Is there a single header file somewhere I can use to read bam?
2
0
Entering edit mode
3.0 years ago

I am writing a library many people are likely to use. I do not want them to have to install any additional libraries or know where their libraries are installed.

Therefore I want to include a single header for reading bams. Are there any single file headers for reading bams I can include in my project?

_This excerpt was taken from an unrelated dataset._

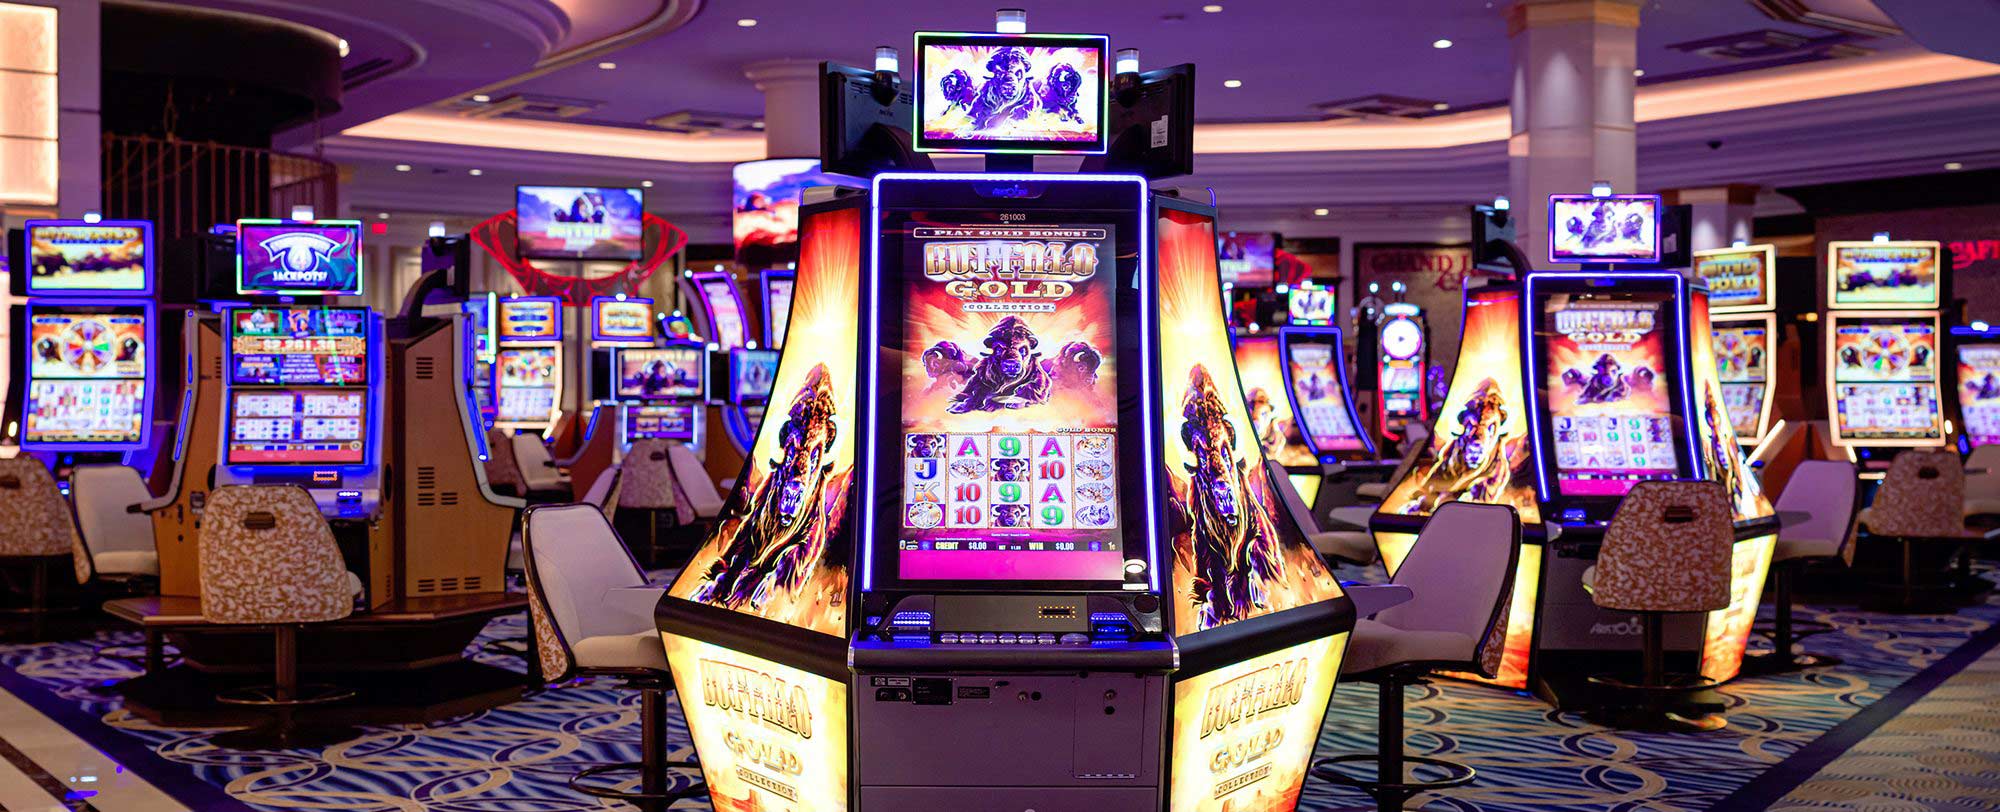 7 jours pour améliorer votre façon de vous Vegas Plus Casino
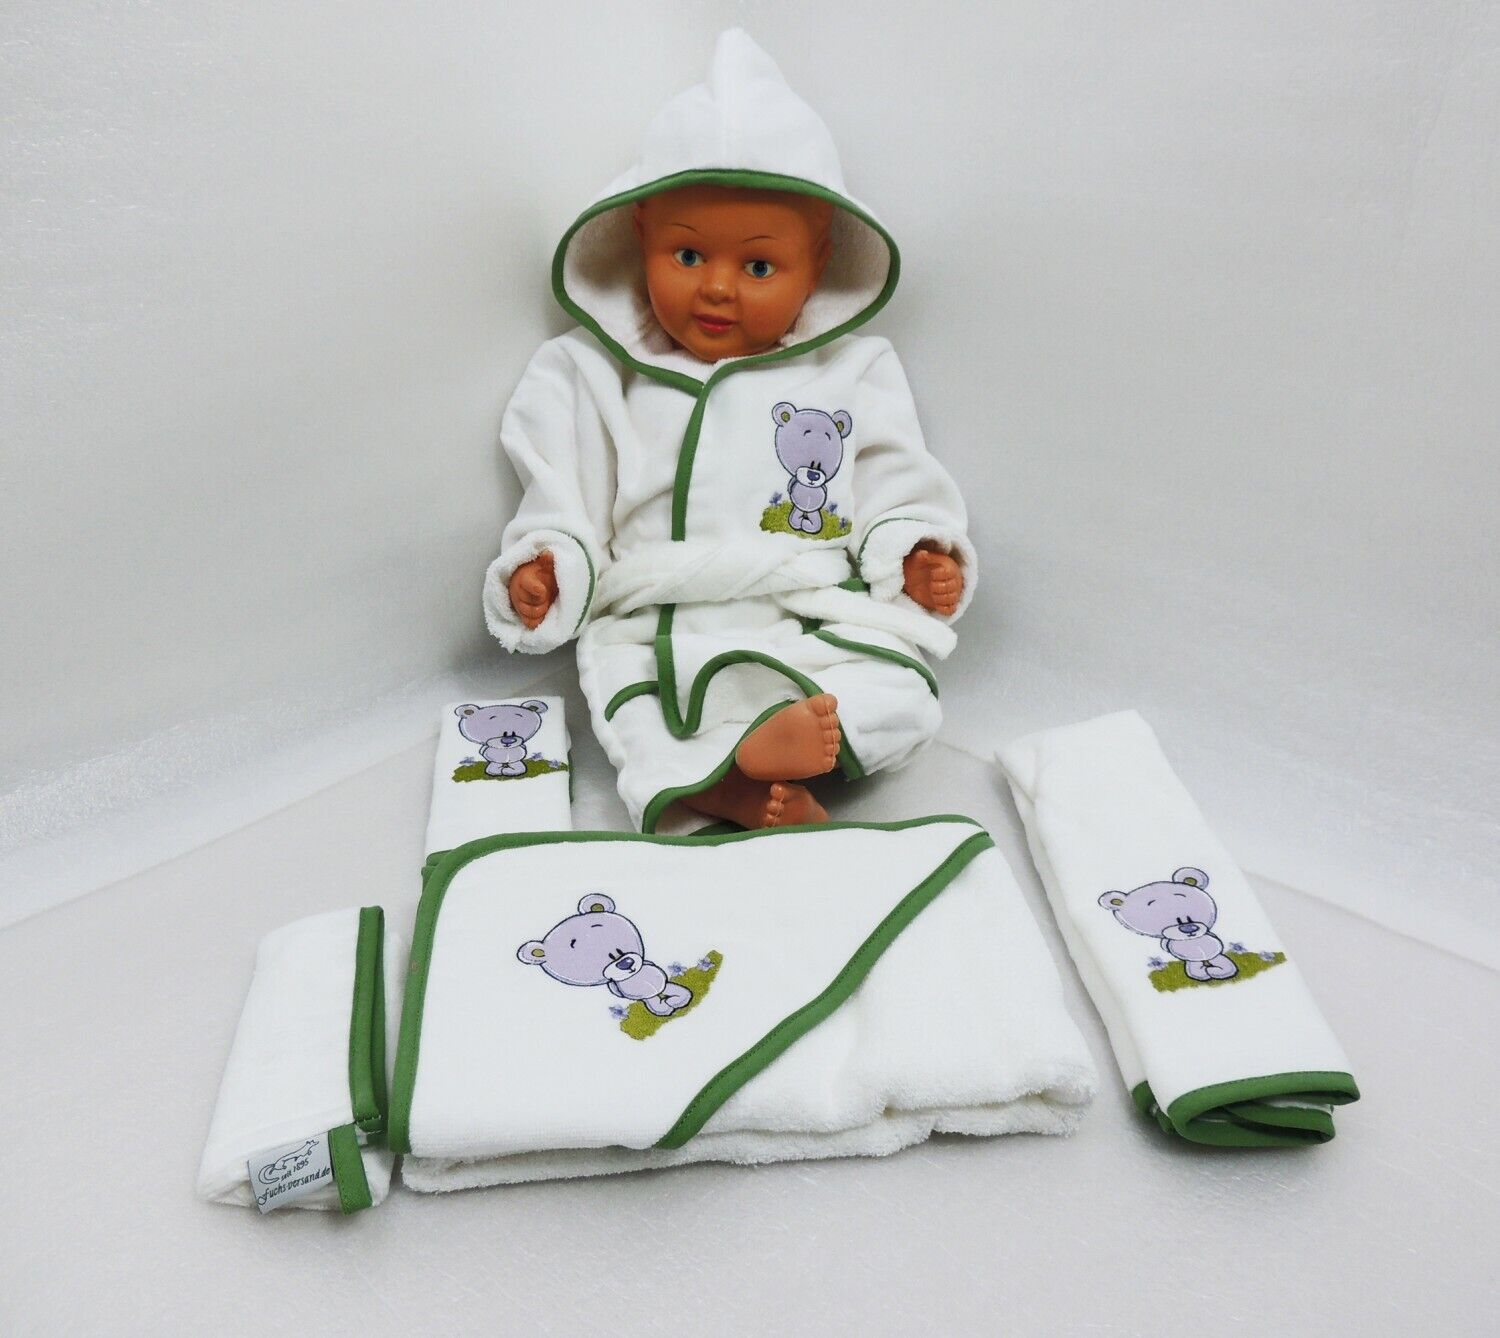 Baby Handtuch Set mit Bademantel Bär-Motiv weiß - grün 5-teilig 100% Baumwolle

Edit: I only need the chromosome, start, (end or length) and strand.

bam c++ c • 966 views
0
Entering edit mode

Not sure about the language you are using for your code but it is easy to use a range of Python or Java libraries in your program. If you are using Python then you could use pysam (it uses htslib) and if you are using Java then you could use htsjdk.

0
Entering edit mode
0
Entering edit mode

Sorry, I updated my comment accordingly. Is there a specific reason why you are not planning to use htslib?

0
Entering edit mode

Compile errors like I showed in the linked to question.

1
Entering edit mode

pysam can easily be installed via conda or pip. There is no need for from-scratch compilation. Trying to write code for standard tasks like reading a BAM is IMHO not only unnecessary but a wrong investment of resources. htslib (or its analoga in other languages) is an on-going project for years now developed from experts in the field. It contains features for quality and integrity control of the BAM files that you should exploit rather than dismiss. Do not reinvent the wheel. Use existing code and solutions and build your tool around it, focusing on the novelity of your tool.

0
Entering edit mode

But pysam is slow as each record is a Python object which needs to be parsed.

0
Entering edit mode

I do not want them to have to install any additional libraries or know where their libraries are installed.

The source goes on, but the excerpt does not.